Wearing Your Matrix On The Outside.If you missed Matrix of Intimacy, Part 1 you may want to read it.

So. We're all matrices of likes and dislikes, and with social media this is more apparent since we have interactions with more people than we would have without the Internet - geography is now less of a factor. Since I couldn't afford the services of Mondolithic Studios, I'm stuck with my riveting stick figures on the left. A computer might interpret how we look to each other as matrices of likes and dislikes - but we humans don't. Maybe we should.

We know what we like. We know what we don't like. Sometimes what we don't like becomes something we do like. Sometimes things we do like become things we don't. Some people are more consistent with their likes and dislikes than others. When you boil it all down to the primordial stew of the collective intelligence of a single creature, we're a pretty dysfunctional group of cells. Picture a body of cells where nerves connect cells in other parts of the body. We'd call that a nervous system. But lets draw that down again back to 2 people.

The things that interest us change. The things that interest us change in priority. It could be argued that introverts might change the people around them as their own interests change and that extroverts might change their interests as those of people around them change.

Change, though, is constant. What we perceive as noise isn't always constant. It changes, too.

Going down into finer detail, in social media, we get to the tags that people use as well as the tags that interest them. Hidden within the tags people use, we get into the things that people use certain tags for.

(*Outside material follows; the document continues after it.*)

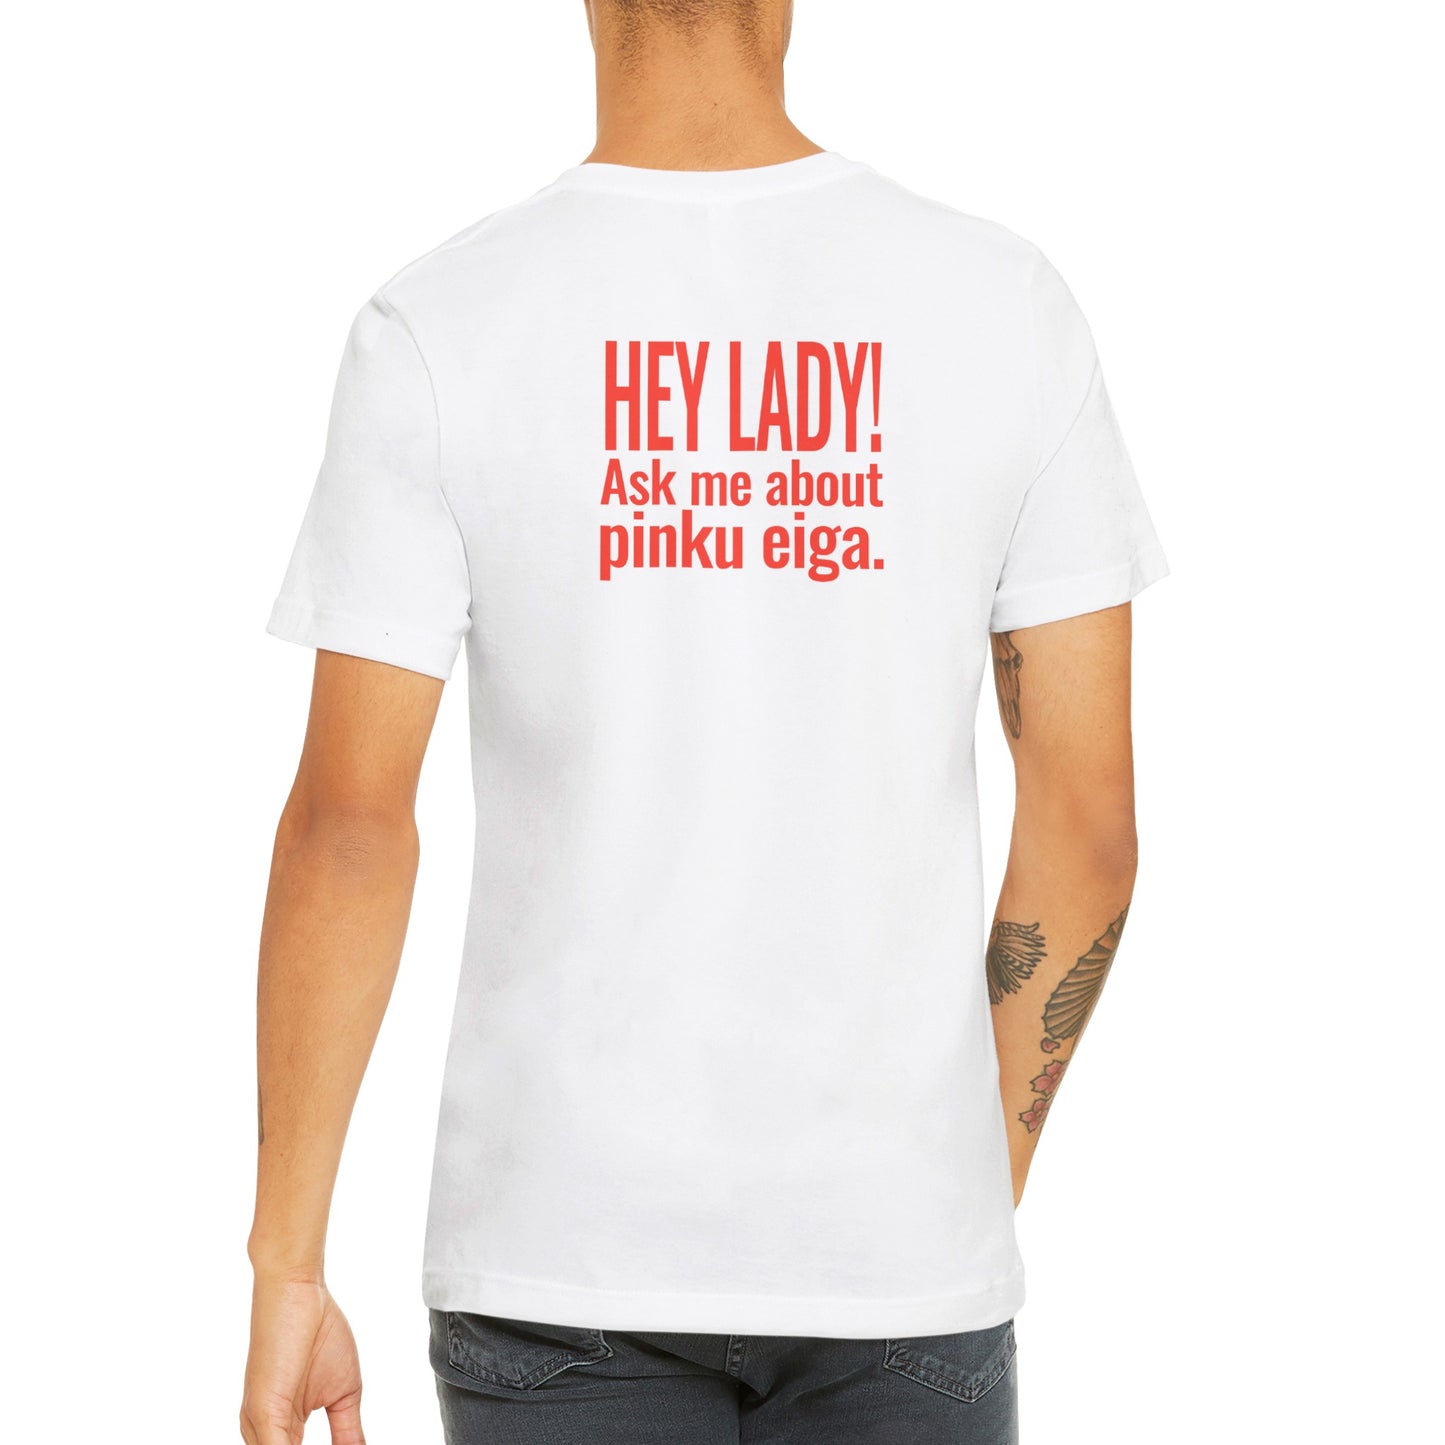 Pinku Lewis T-Shirt

The Internet is flooded with the autobiographies of primates with blow by blow commentary in the hope that someone, somewhere will think that the brushing of their teeth is noteworthy. So we get noise. That noise is also tagged with all manner of tags. Some, like #YOLO on Twitter, is pretty self-contained and can be easily ignored. Some creeps into all manner of things, from politics to social media to rocket science to lipstick colors.

But some noise isn't noise. Sometimes it's an echo of something we've already seen. If you haven't seen a meme fly by a week after you posted it, you haven't been on the Internet very long.

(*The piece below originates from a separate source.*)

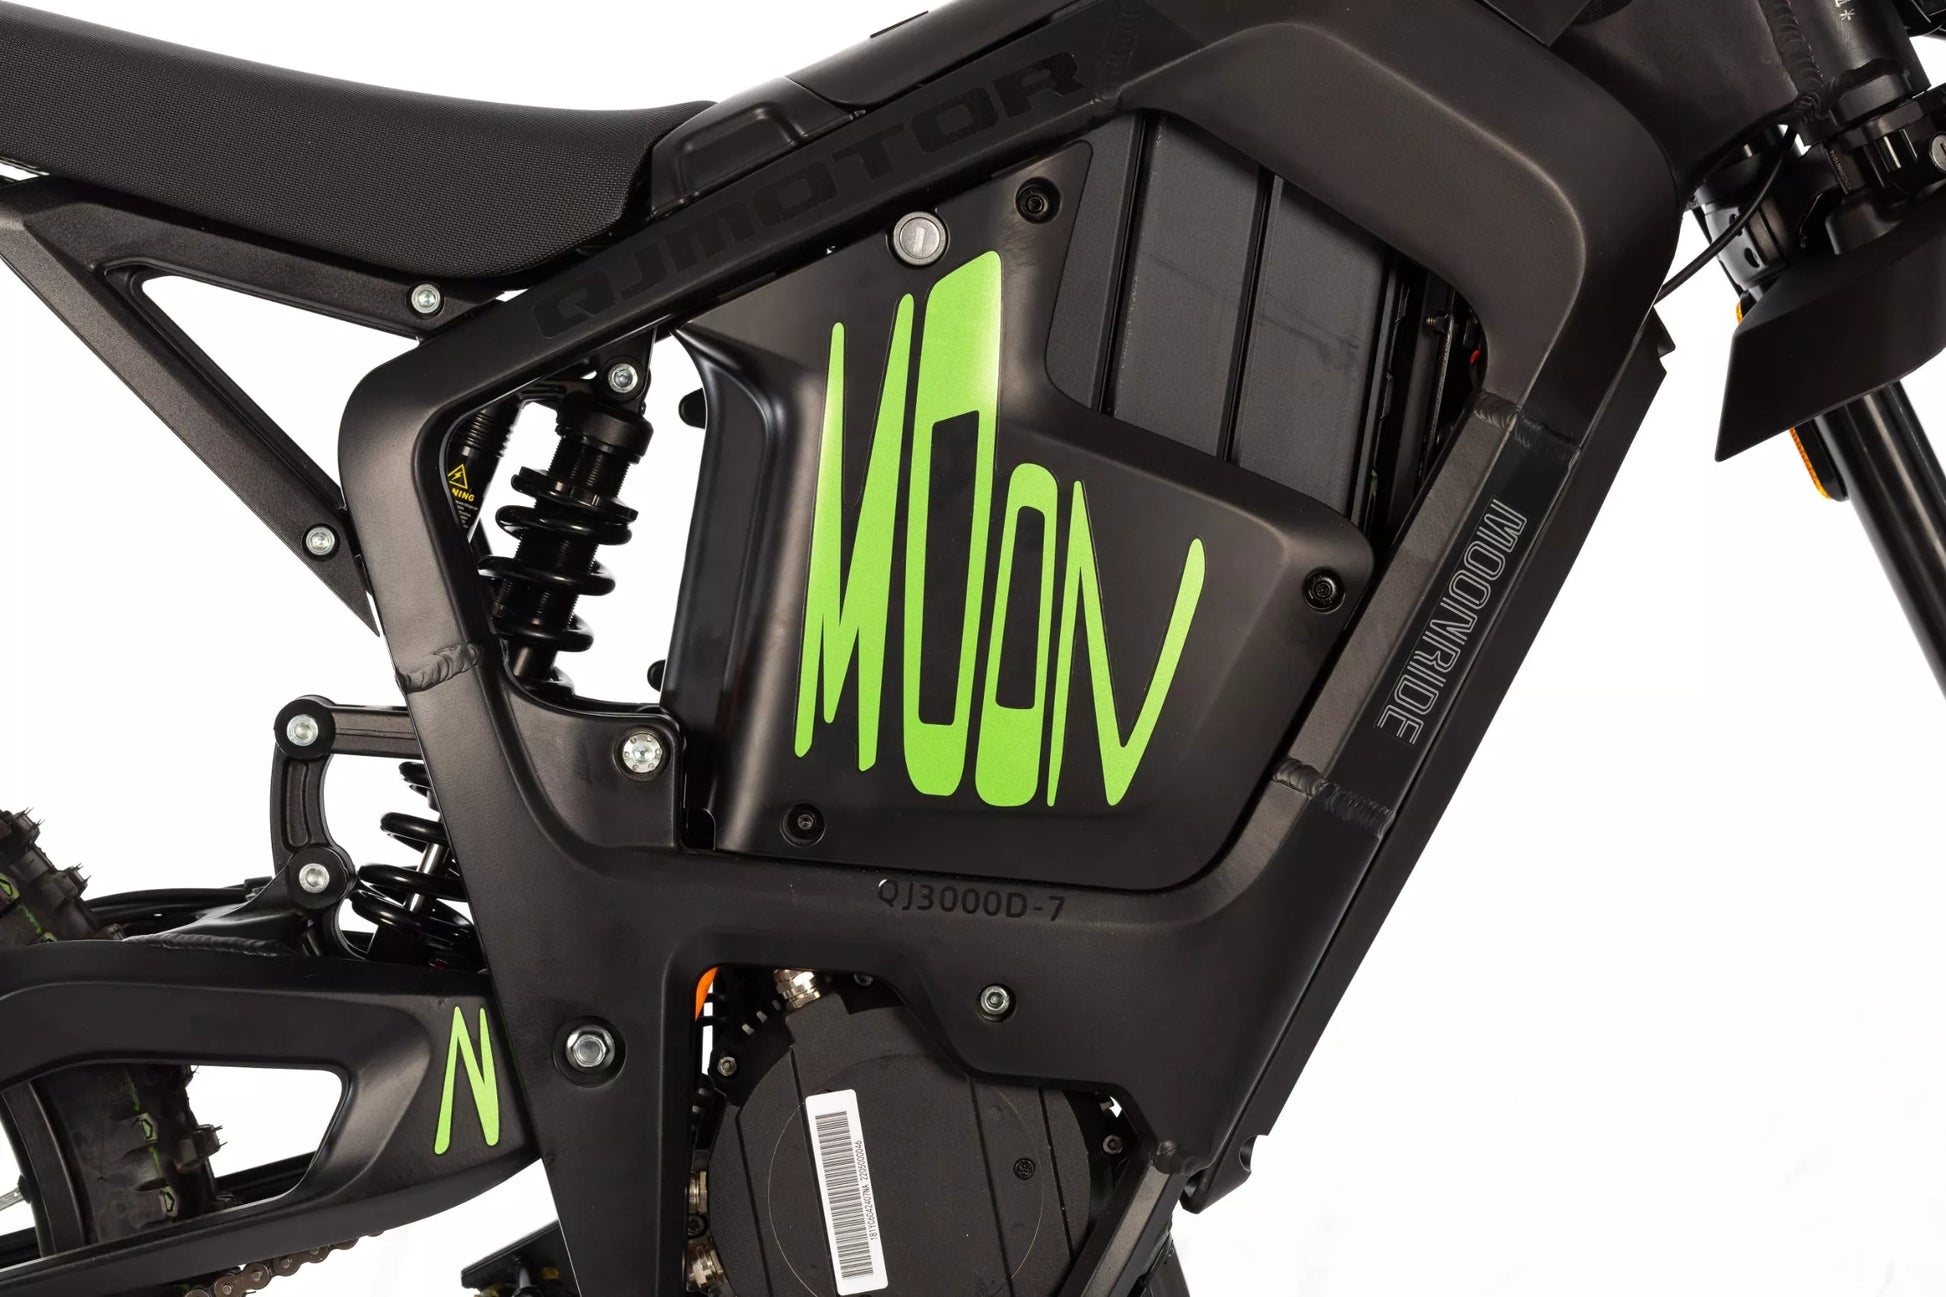 Moto électrique - QJ Motor - Moonride cross - Excellent Motos par QJ Motors - Seulement €5290! Acheter maintenant sur Nexyo.fr

One person's noise is another person's music. Ask any parent and teenager.

 

Thus, we get different kinds of noise:

  • Matrix mismatches: When people you might otherwise like post a bunch of stuff you're not really interested in. We've all seen it on Facebook, Twitter or wherever else.
  • Repetitive: When someone finds that meme from last year for the first time and feels an ovewhelming urge to put on their Indiana Jones hat and share their archaeological discovery to the world.
  • Lack of relevancy: Simply put, inappropriate tagging.
  • Self-Absorbed: You know. The 'it-is-all-about-me-and-my-cat-and-what-my-grandkids-did-last-summer' folks. To some extent everyone is self-absorbed, but some people make it more of an artform than others.
  • Promoted Posts: Where someone pays to own a keyword or tag, as in Google Ads or promoted posts, when you care less than the poo-flinging monkeys at the zoo.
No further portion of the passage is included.